I am still working through the final details of the (conventional) engine change on the Spitfire and I hope to fire her up soon, need a few parts that will be purchased soon.

Also, must do some work on the 2.5 as the MOT beckons.

Right off to the garage, must finish the Spitfire as its getting close to the time of firing up the new engine-exciting!


Wednesday, 20 June 2012


No Jam today, or in fact the whole weekend! 
20th June 2012





As last year, my Triumph activities are not as intense as they have been in previous years. Since my last posting I have only entered the International Auto Ecosse, that event taking place over the Jubilee Weekend in June.

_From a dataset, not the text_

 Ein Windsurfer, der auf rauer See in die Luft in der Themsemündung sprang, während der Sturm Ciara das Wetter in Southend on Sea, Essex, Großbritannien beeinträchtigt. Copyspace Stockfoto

I had a great time enjoying some spirited driving in the GT6 in the company of my old mate Darren Reynolds. We spent the whole weekend driving the event with Dave Langrick and his friend Gary in Dave’s infamous Spitfire 2000pi called the ‘Maiden’, Tomk Key and Tom Bamford in the first Tom’s Golf GT1 mk1 and Jason Chinn and Carl Shakespeare in Jason’s mk1 2.5Pi saloon. Tom was using the Golf following his accident in his lovely old TR6, that is now being re-built. That VW is a beast, it has a Corrado engine up front and flys, making a gorgeous noise over 4K revs. Tom does drive the car with a certain verve, the car makes light of those who like the more established traditional motor cars in the UK old car movement and mock the more modern designs. Surely the Golf GTi is a landmark vehicle in the history of motoring and certainly proved that VW could make exciting transcendental cars after years of making the rather awful Beetle which has the vehicle dynamics of a snail. It is still beyond my comprehension why the Beetle and its awful derivatives are so popular?

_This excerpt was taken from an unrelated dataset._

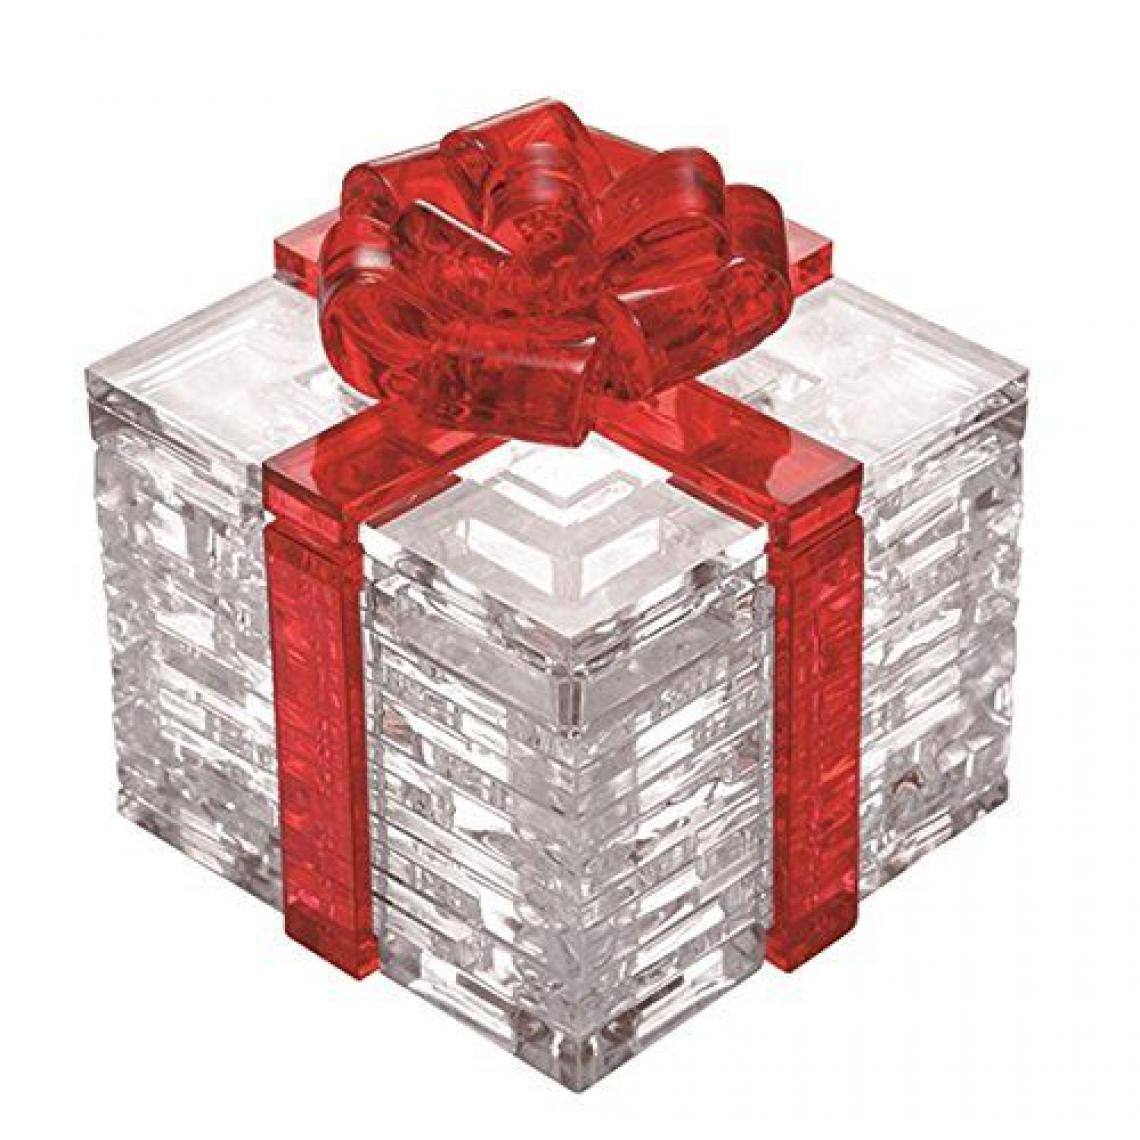 Inconnu - HCM - 59136 - Crystal Puzzle - Cadeau Boîte - 38 Pièces - Animaux

The first day started with a loose ground test on some ground at the back of a local garage, followed by some atmospheric driving through the Scottish borders. Darren and I did the test in 32 seconds a competitive time that I hoped we could build upon to use to win the event! We then crossed the Fourth Road Bridge, only the second time I have crossed that road in daylight, all previous crossings being on the RBRR, and set off for the 2nd test venue at an Amazon delivery centre car park near Glenrothes. This test looked to be fun as it consisted of a serious slalom and 360 degree manoeuvrability examination where the driver would rely upon his co-driver to guide him round a complicated course. We were the first car/crew to line up and I think did very well, Darren guiding me with the authority that a good co driver should exhibit, firm instructions making it difficult for me to go wrong. Our time was competitive and I drove away thinking that we were on the right track (literally).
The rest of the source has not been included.